The amount of diffraction depends on the size of the gap. Diffraction is greatest when the size of the gap is similar to the wavelength of the wave. In this case, when the waves pass through the gap they become semi-circular.

History

The effects of diffraction of light were first carefully observed and characterized by Francesco Maria Grimaldi, who also coined the term diffraction, from the Latin diffringere, 'to break into pieces', referring to light breaking up into different directions. The results of Grimaldi's observations were published posthumously in 1665. Isaac Newton studied these effects and attributed them to inflexion of light rays. James Gregory (1638–1675) observed the diffraction patterns caused by a bird feather, which was effectively the first diffraction grating to be discovered. Thomas Young performed a celebrated experiment in 1803 demonstrating interference from two closely spaced slits. Explaining his results by interference of the waves emanating from the two different slits, he deduced that light must propagate as waves. Augustin-Jean Fresnel did more definitive studies and calculations of diffraction, made public in 1816 and 1818, and thereby gave great support to the wave theory of light that had been advanced by Christiaan Huygens and reinvigorated by Young, against Newton's particle theory.

Mechanism

In classical physics diffraction arises because of the way in which waves propagate; this is described by the Huygens–Fresnel principle and the principle of superposition of waves. The propagation of a wave can be visualized by considering every particle of the transmitted medium on a wavefront as a point source for a secondary spherical wave. The wave displacement at any subsequent point is the sum of these secondary waves. When waves are added together, their sum is determined by the relative phases as well as the amplitudes of the individual waves so that the summed amplitude of the waves can have any value between zero and the sum of the individual amplitudes.  Hence, diffraction patterns usually have a series of maxima and minima.

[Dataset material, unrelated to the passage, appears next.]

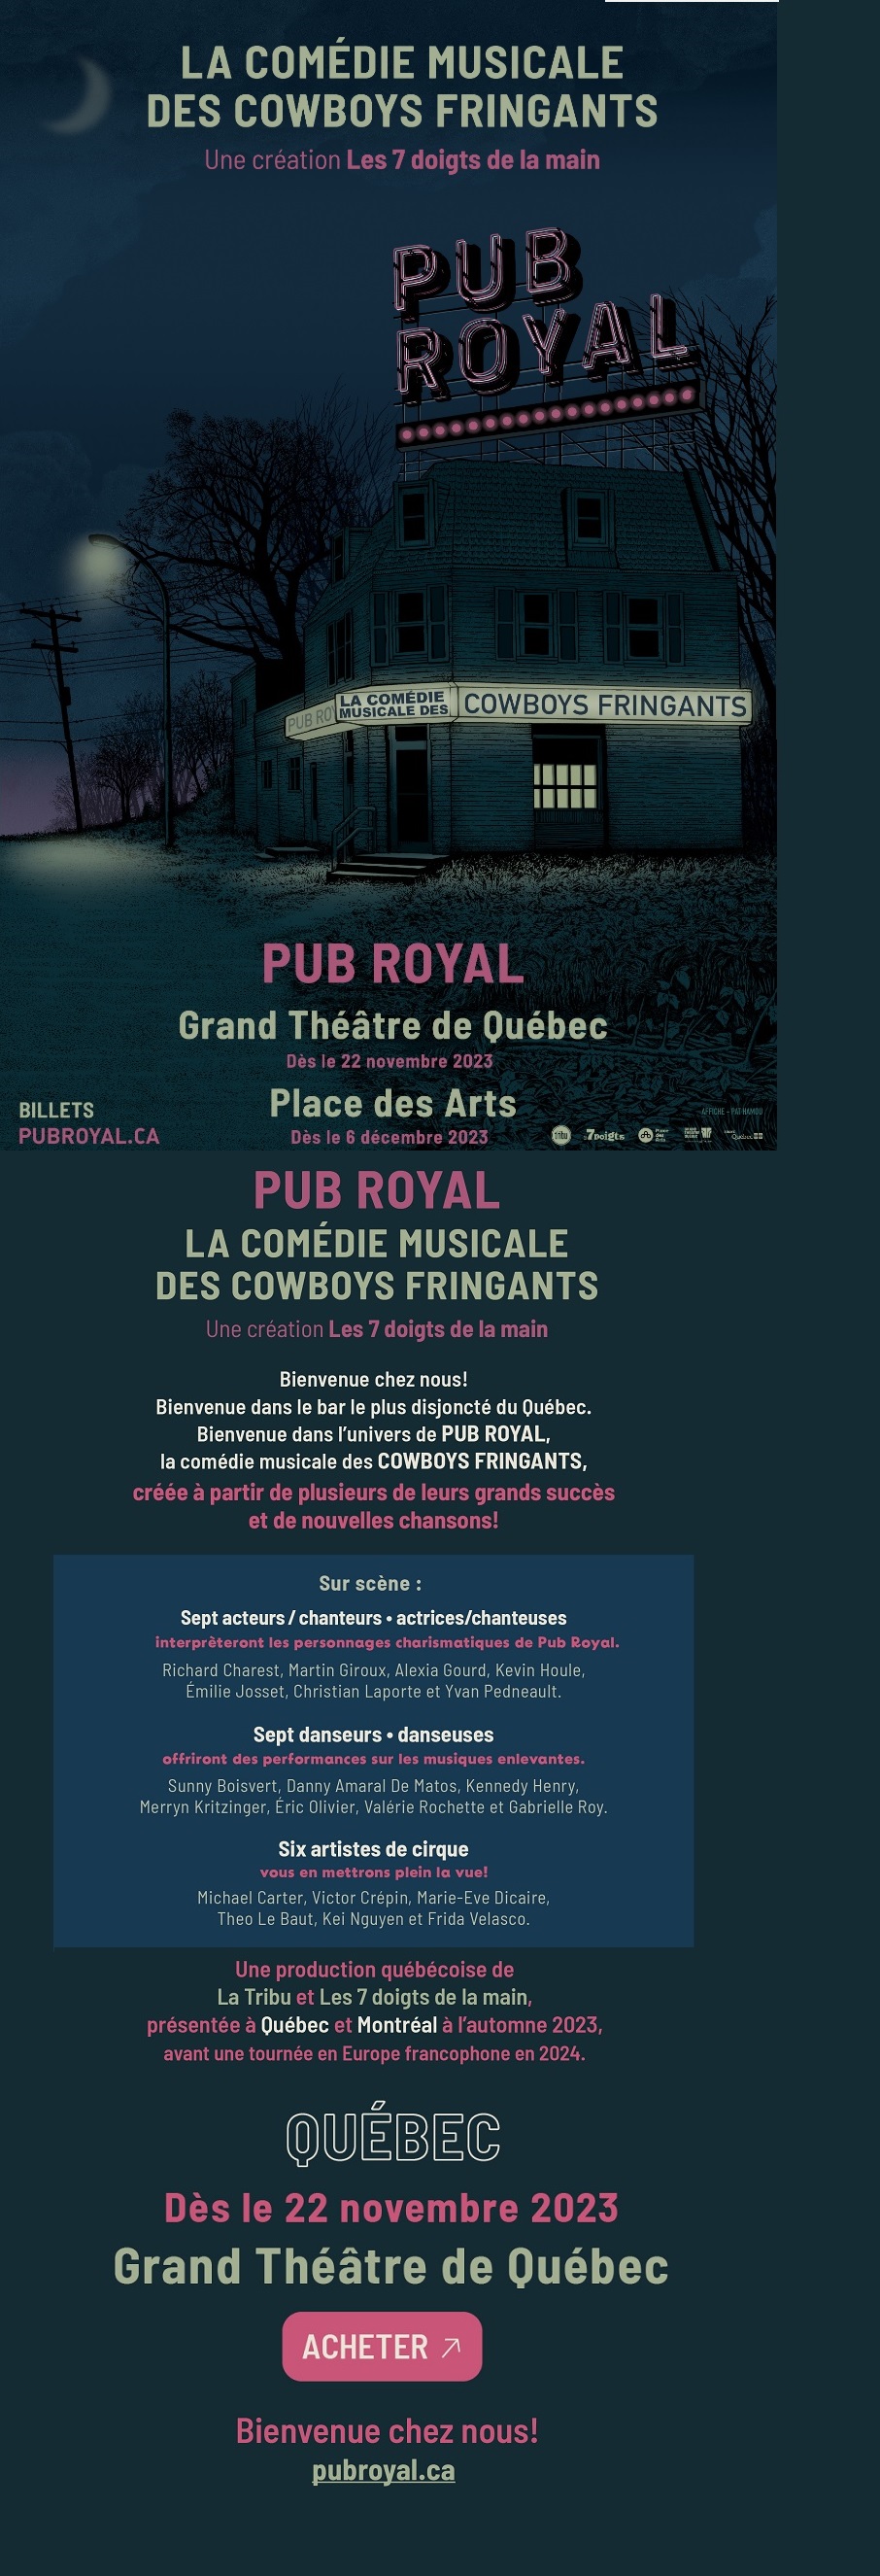 PUB ROYAL - La comédie musicale des COWBOYS FRINGANTS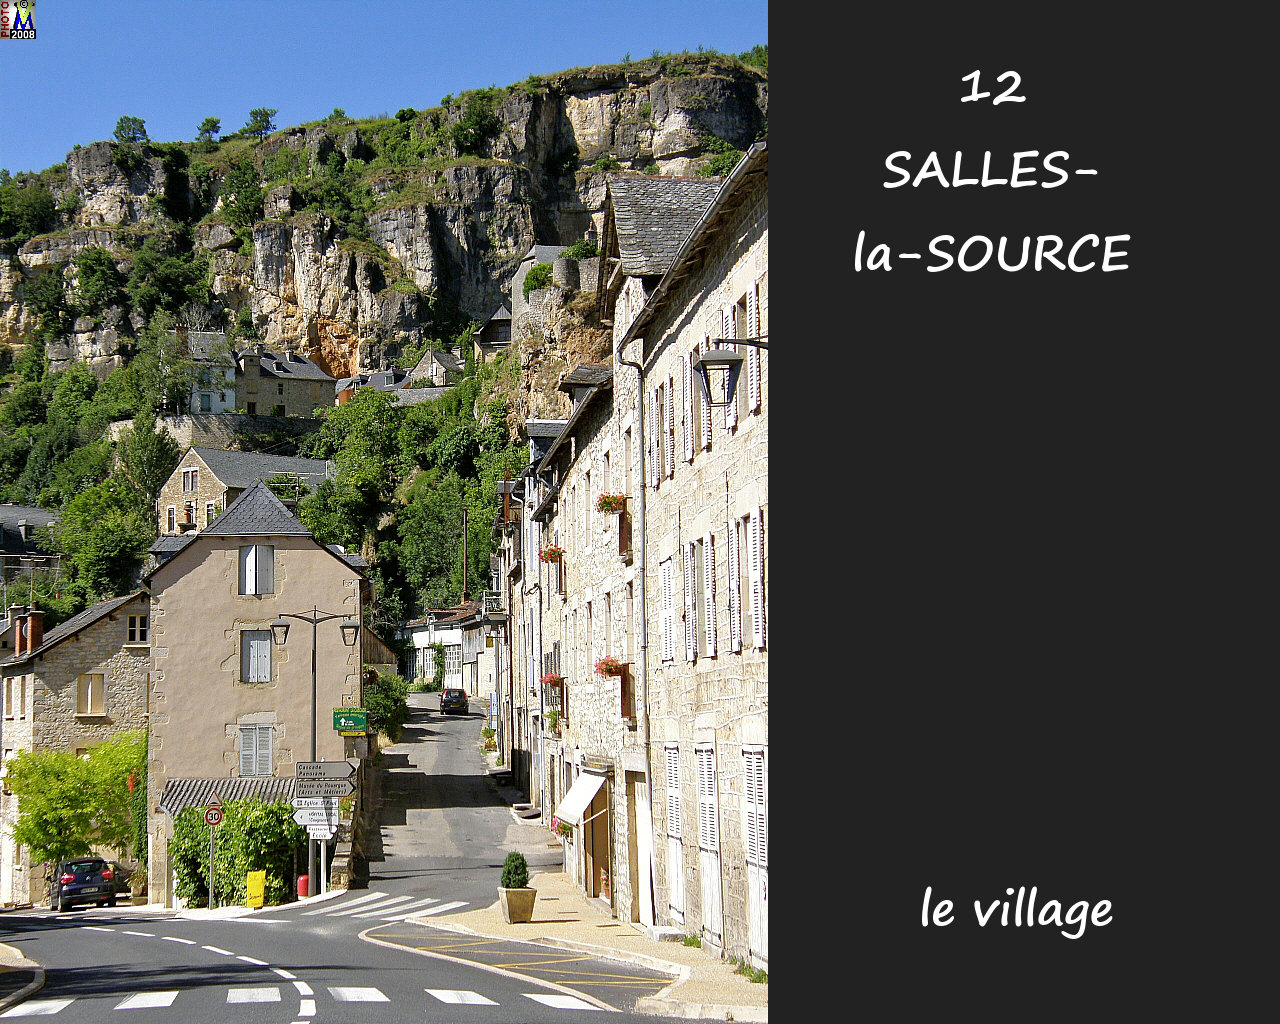 12SALLES-SOURCE_village_110.jpg

In the modern quantum mechanical understanding of light propagation through a slit (or slits) every photon has what is known as a wavefunction.  The wavefunction is determined by the physical surroundings such as slit geometry, screen distance and initial conditions when the photon is created.  In important experiments (A low-intensity double-slit experiment was first performed by G. I. Taylor in 1909, see double-slit experiment) the existence of the photon's wavefunction was demonstrated.  In the quantum approach the diffraction pattern is created by the probability distribution, the observation of light and dark bands is the presence or absence of photons in these areas, where these particles were more or less likely to be detected.  The quantum approach has some striking similarities to the Huygens-Fresnel principle; based on that principle, as light travels through slits and boundaries, secondary, point light sources are created near or along these obstacles, and the resulting diffraction pattern is going to be the intensity profile based on the collective interference of all these lights sources that have different optical paths. That is similar to considering the limited regions around the slits and boundaries where photons are more likely to originate from, in the quantum formalism, and calculating the probability distribution. This distribution is directly proportional to the intensity, in the classical formalism.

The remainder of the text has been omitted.